**Assignment**
Take the material below and output exactly the run of lines from the one containing "design furniture Interior" down to the one containing "BAI SHAO - 白芍 - White Peony Root - 100g", with both included.

**Records provided**
———
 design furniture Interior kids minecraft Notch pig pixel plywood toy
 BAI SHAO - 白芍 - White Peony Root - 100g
———
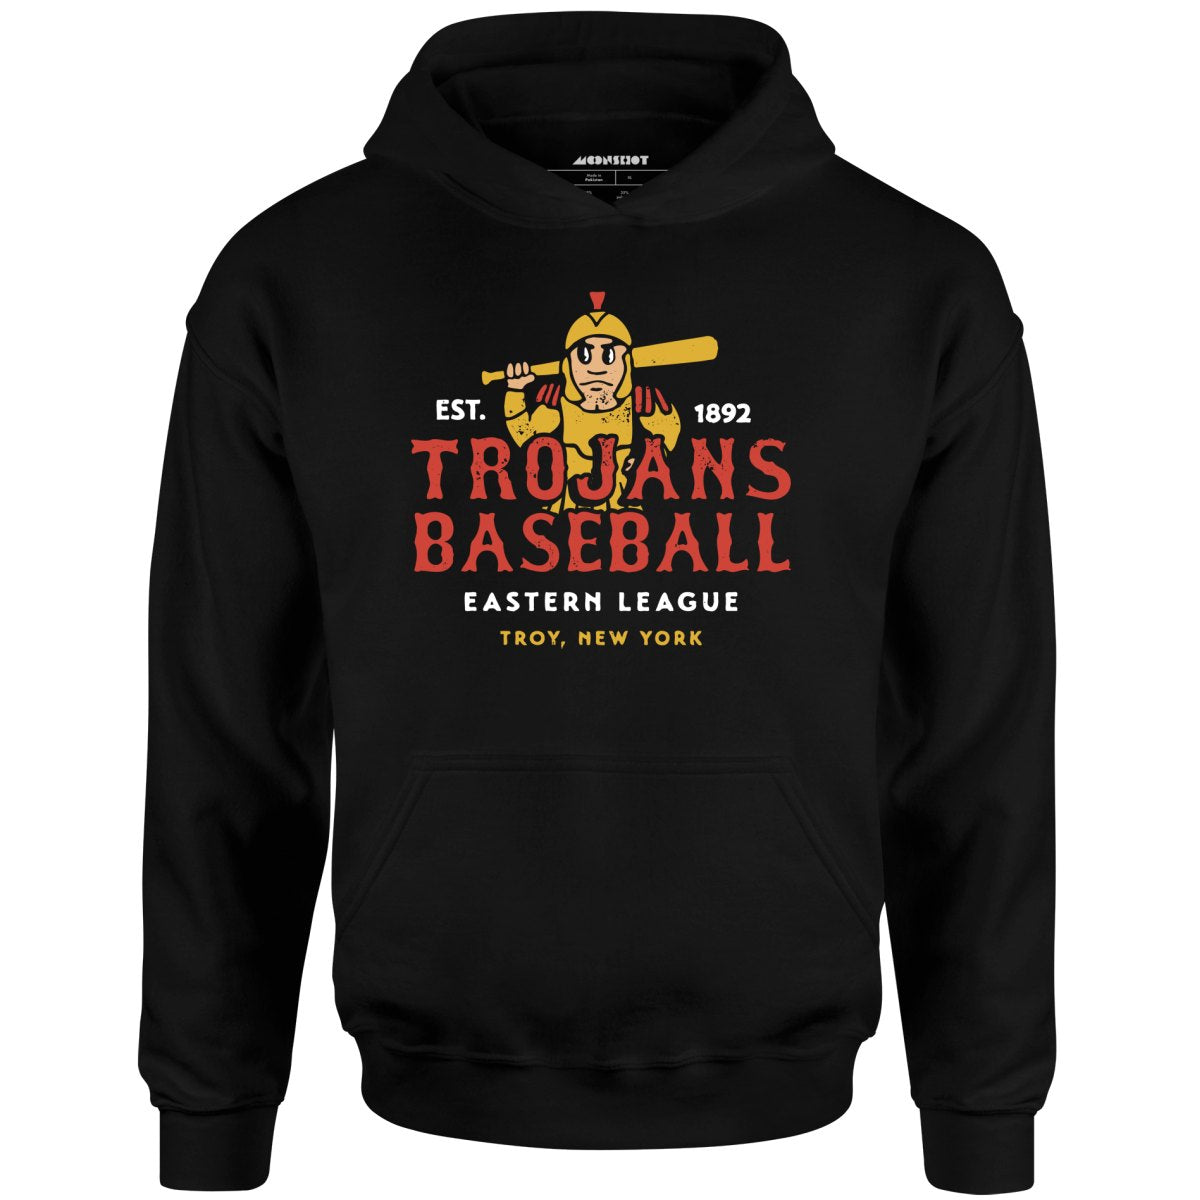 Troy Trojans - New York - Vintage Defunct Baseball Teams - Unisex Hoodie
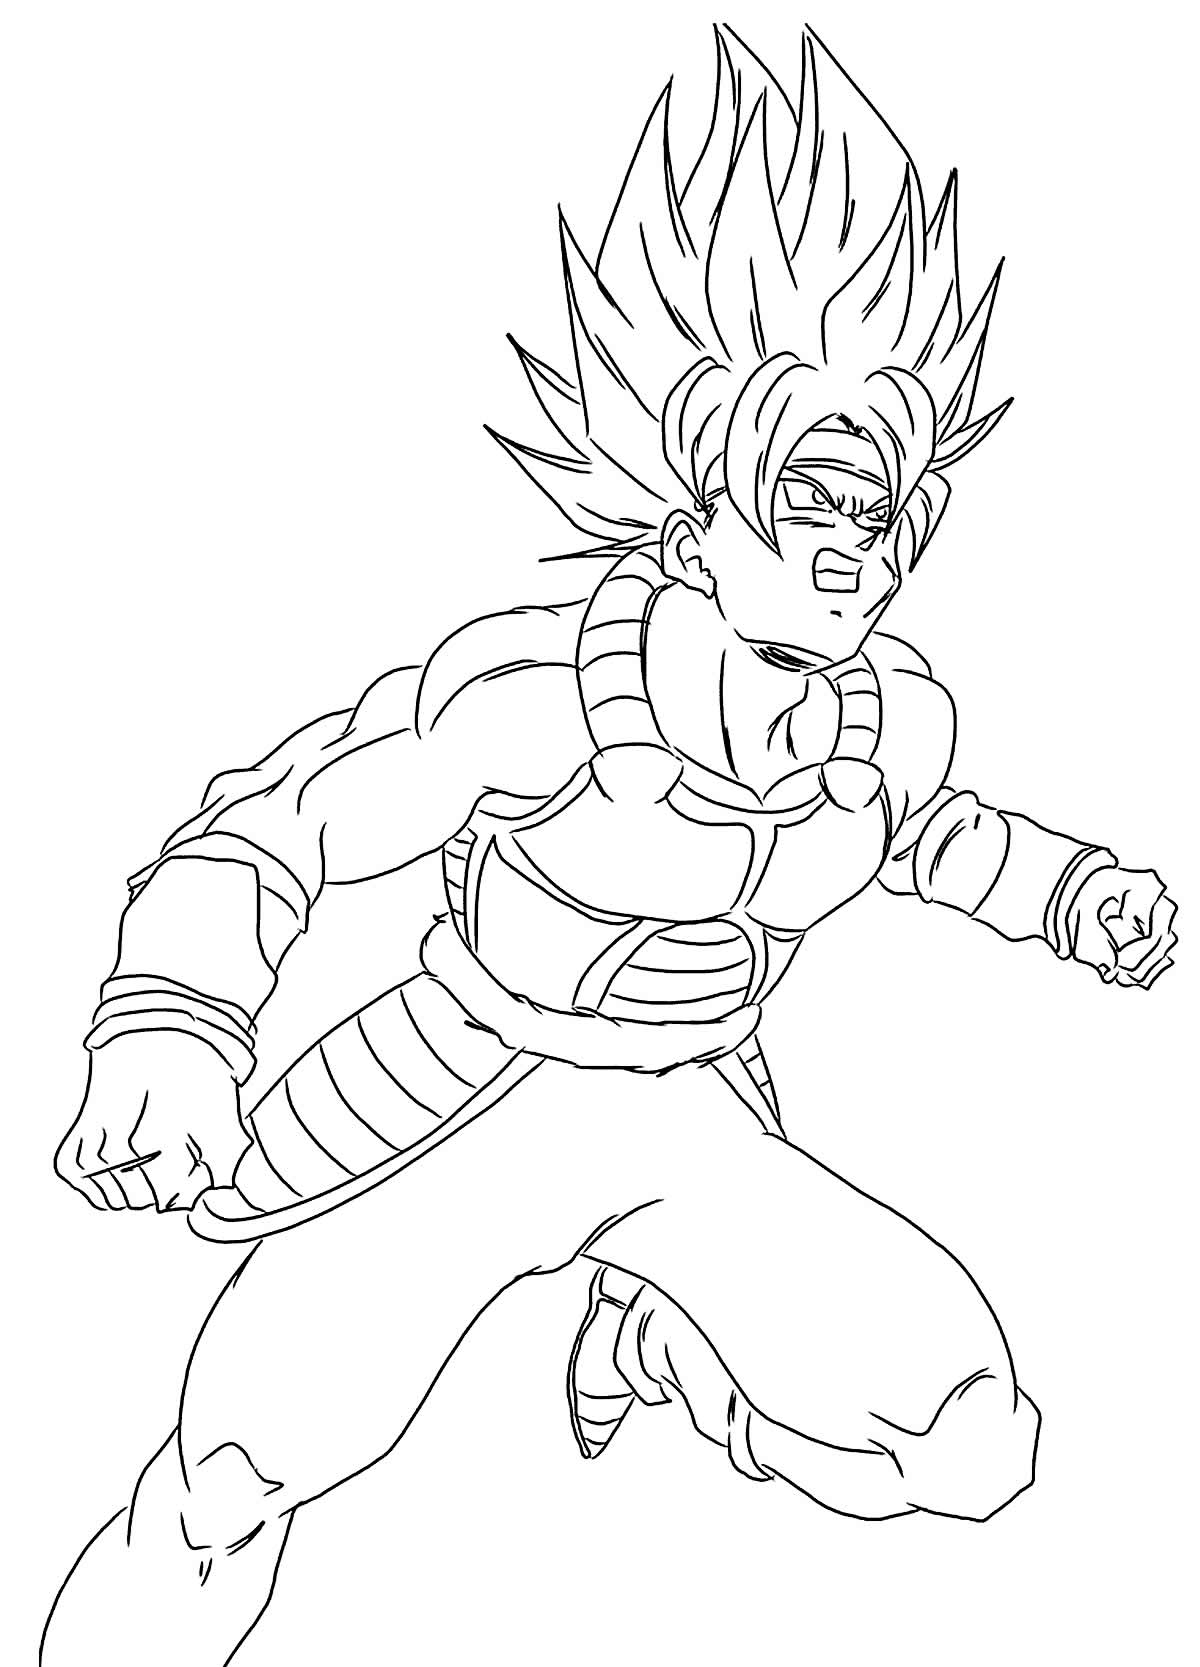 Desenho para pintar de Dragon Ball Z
———
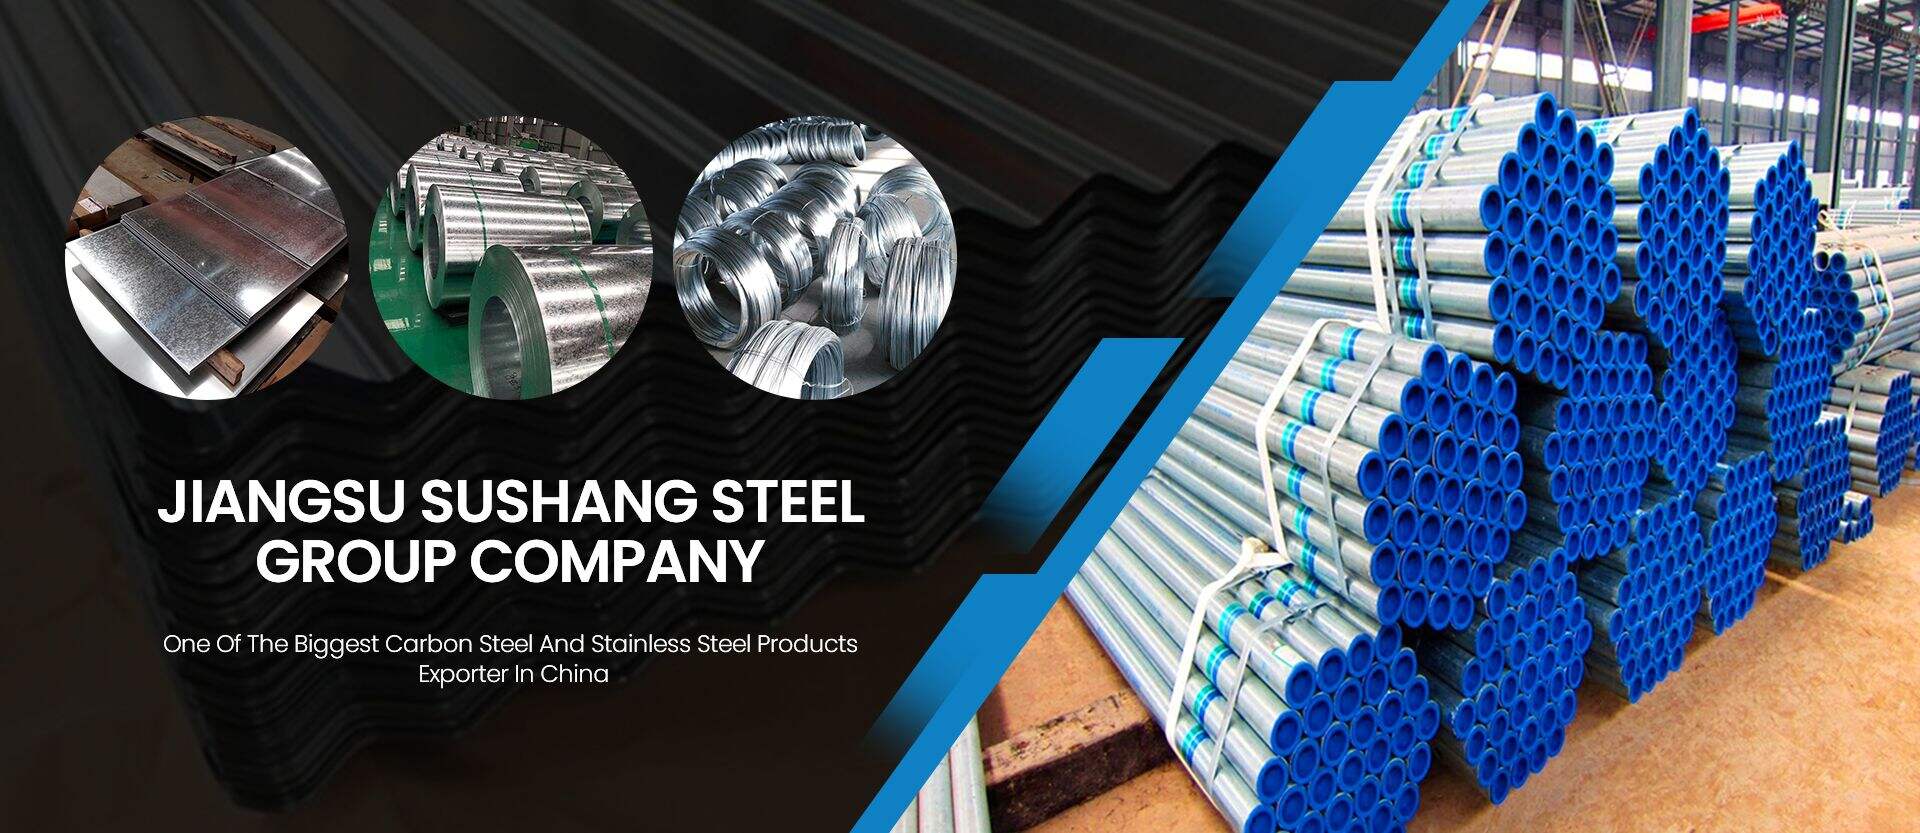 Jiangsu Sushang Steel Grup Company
———
**Output for this task**
 design furniture Interior kids minecraft Notch pig pixel plywood toy
 BAI SHAO - 白芍 - White Peony Root - 100g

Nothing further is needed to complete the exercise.